— Нет, — сказал Кайдановский. — Это должно быть на дне.
Они осматривали дно шкафа. Дно как дно. Мансур провел рукой по штапику, обводящему периметр шкафа наподобие плинтуса на линии соединения вертикальных плоскостей с горизонтальной.
— Понял.
Он вытащил из углов соединительные детали, потом четыре профилированные рейки, затем лист днища. Далее откидывалась крышка люка, и открывался трап, кованая или литая металлическая лесенка, уводящая в кромешную тьму. Веяло холодом, сыростью, воздухом подвала.

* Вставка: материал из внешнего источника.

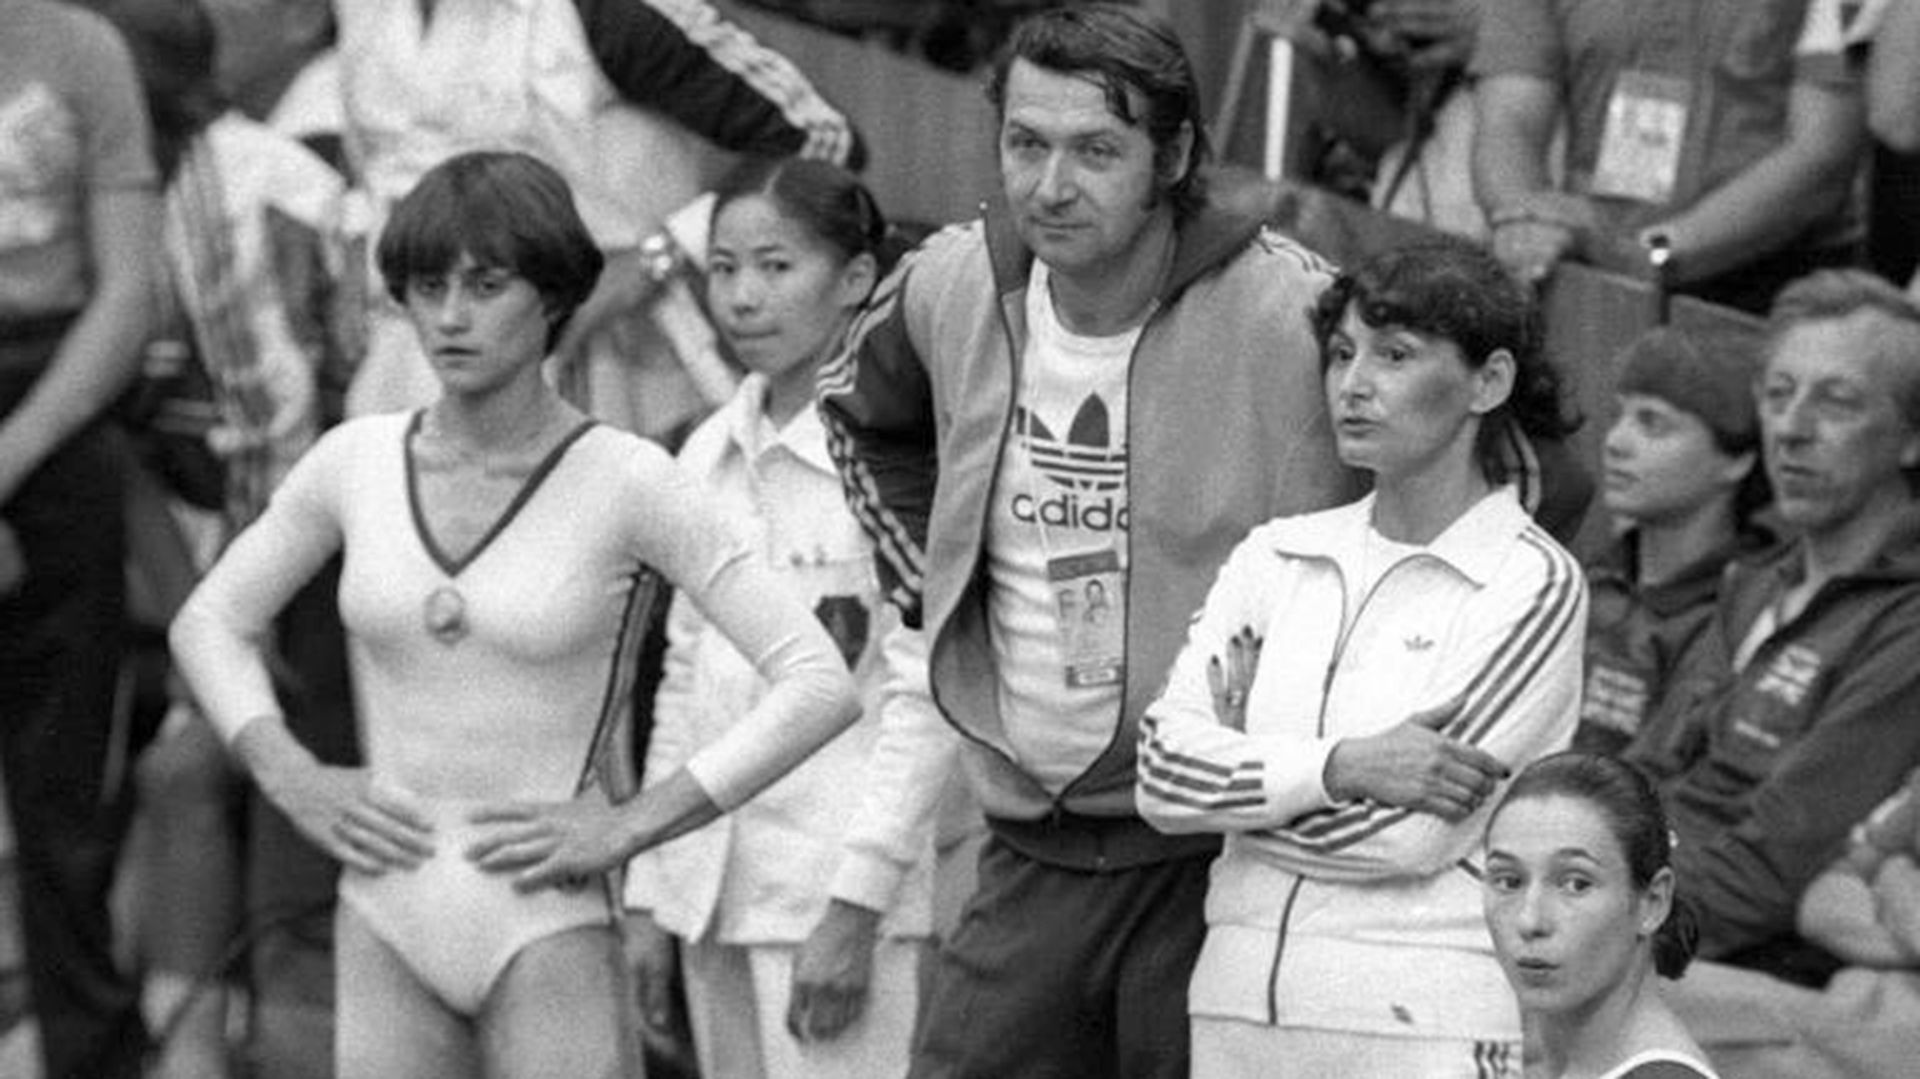 El matriomoni Karolyi durante los Juegos Olímpicos de Montreal 76. A la izquierda de la imagen, una joven Nadia Comaneci (AP)

— Оставляю тебе один фонарик. Засекай время.
— А через сколько минут считать тебя попавшим в капкан?
— Понятия не имею. Может, перед нами подземный ход в Петропавловку или в Мраморный дворец.
— Все ясно, — сказал Мансур.
Кайдановский спускался по темным ступеням, фонарик висел у него на груди, сначала он видел перед собой только торец узкого коридора; спустившись, он осветил и сам коридор: пол, устланный плиткой, оштукатуренные стены, некогда окрашенные в терракотовый цвет, с орнаментом под потолком. Кайдановский пошел, миновал поворот, шел, потеряв счет шагам, неверно оценивая и время, и пространство, не соотнося траекторию коридора с планировкой этажа, на котором остался Мансур. Наконец путь завершился: в конце коридора увидел он металлическую внушительную дверь с круглой ручкой-штурвалом, напоминающую дверцу сейфа. «Все, — подумал Кайдановский, — как ее откроешь без автогена?» Он положил фонарик на пол, шагнул к двери, чтобы посмотреть — что за замок, под каблуком звякнуло, дверь пошла на него, распахнулась: за дверью была темная кубистическая комната, в центре, ему показалось, стояла витрина, как в золотой кладовой, Кайдановский шагнул через порог, и опять звякнуло под ногами; он не успел сообразить, что происходит, дверь закрылась за ним, он остался в кромешной тьме.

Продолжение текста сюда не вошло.